Terry Groves has told Tynwald that if we don't have an incinerator site agreed this summer, there will be nowhere to put rubbish after September. Given that it will take five years at least to build and commission an incinerator, what difference is it going to make?
Terry Groves has stated his intent to pursue his department's policy without fear of unpopularity. Very well. If an incinerator is safe in Douglas, it is safe in Ramsey.
Terry Groves thinks that people who express an opinion (other than his own) are "rabble".
Terry Groves believes that Manx people who don't like the Manx government should leave the Isle of Man.
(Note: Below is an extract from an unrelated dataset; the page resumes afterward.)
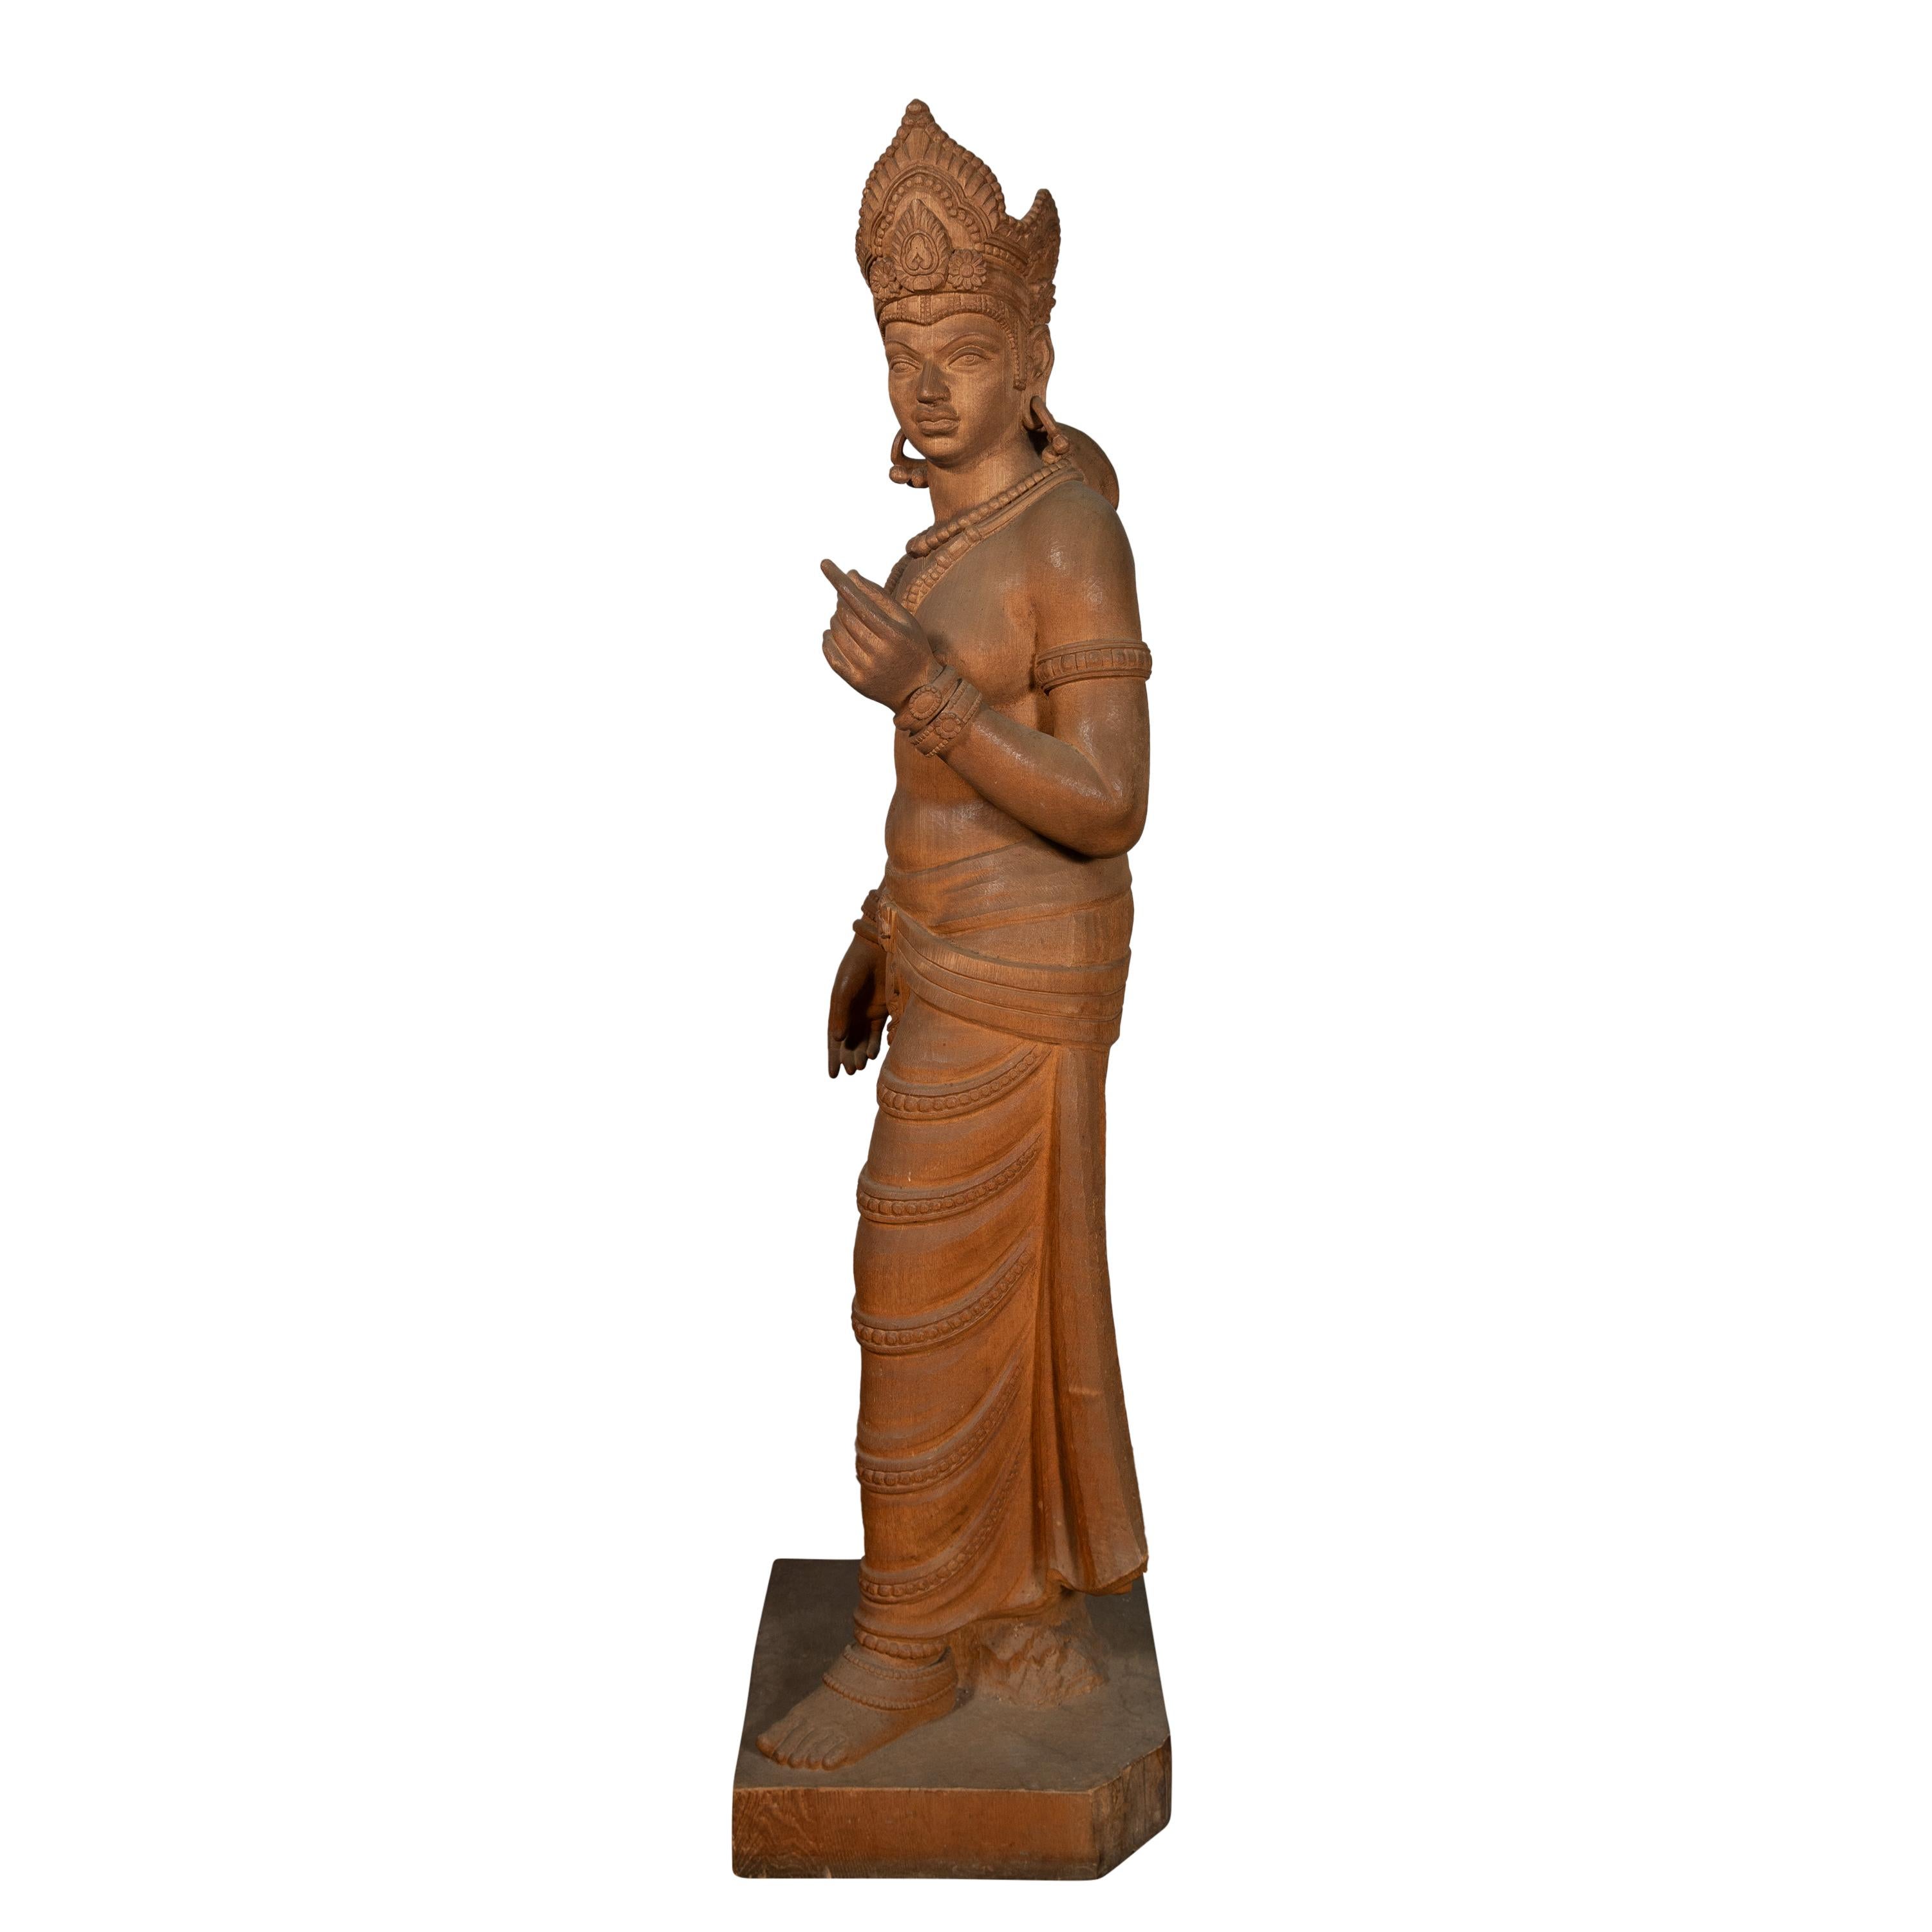 Eine lebensgroße geschnitzte Holzskulptur der Hindu-Göttin Parvati. Parvati, die Gemahlin von Lord Shiva, wird in der hinduistischen Mythologie oft als Symbol für göttliche Kraft, Liebe und Fruchtbarkeit dargestellt.

Die Skulptur stellt die Göttin

Terry Groves used to be an estate agent.


Questionnaire.

Tick either a) or b) to complete each of the following statements.

1. The Manx language is:

a) central to the Manx identity.
b) quaint, but totally impractical.

2. Government resources should be targeted at:

a) Manx language development.
b) attracting more "big-name" retail outlets to put those dreadful local shops out of business.

3. Areas of outstanding scenic beauty are:

a) to be protected and preserved without question.
b) ideal for building exclusive homes, preferably mine.

4. Traditional Manx music and dance should be:

a) taught in all schools.
b) performed by tame natives for tourists and visiting royalty.

5. Footpaths and Rights of Way are:

a) There for the proper use of and enjoyment by all.
b) ideal for thrashing up and down in my 4x4 (except for those bloody walkers).

6. At Laa Columb Killey:
a) there is no place for the English national anthem. 
b) What on Earth is lair column killyer?

7. Finance sector growth should be:

a) restricted to reduce its overall importance to our economy.
b) given every possible encouragement - there's plenty of room here!

8. Isle of Man Newspapers:

a) need a truly independent Manx competitor.
b) are full of meaningless trivia (except for Fenella's page).

9. The Manx people should:

a) have a large stake in the Steam Packet Co. 
b) not be interested in travelling.

10. The Isle of Man has:

a) a unique Celtic heritage and a history of autonomy that should be realised in total independence.
b) a low tax regime and a rather convenient location, but one does need to escape to civilisation regularly.

Your results:

All "a": Congratulations. If you're not a member of Mec Vannin, you should be.
Mostly "a": You have potential.
Mostly "b": Have you considered therapy?
All "b": Sod off back from where you came from*.
"If this is the Isle of Man, we're very sorry. We didn't realise M.H.K.s read this sort of thing.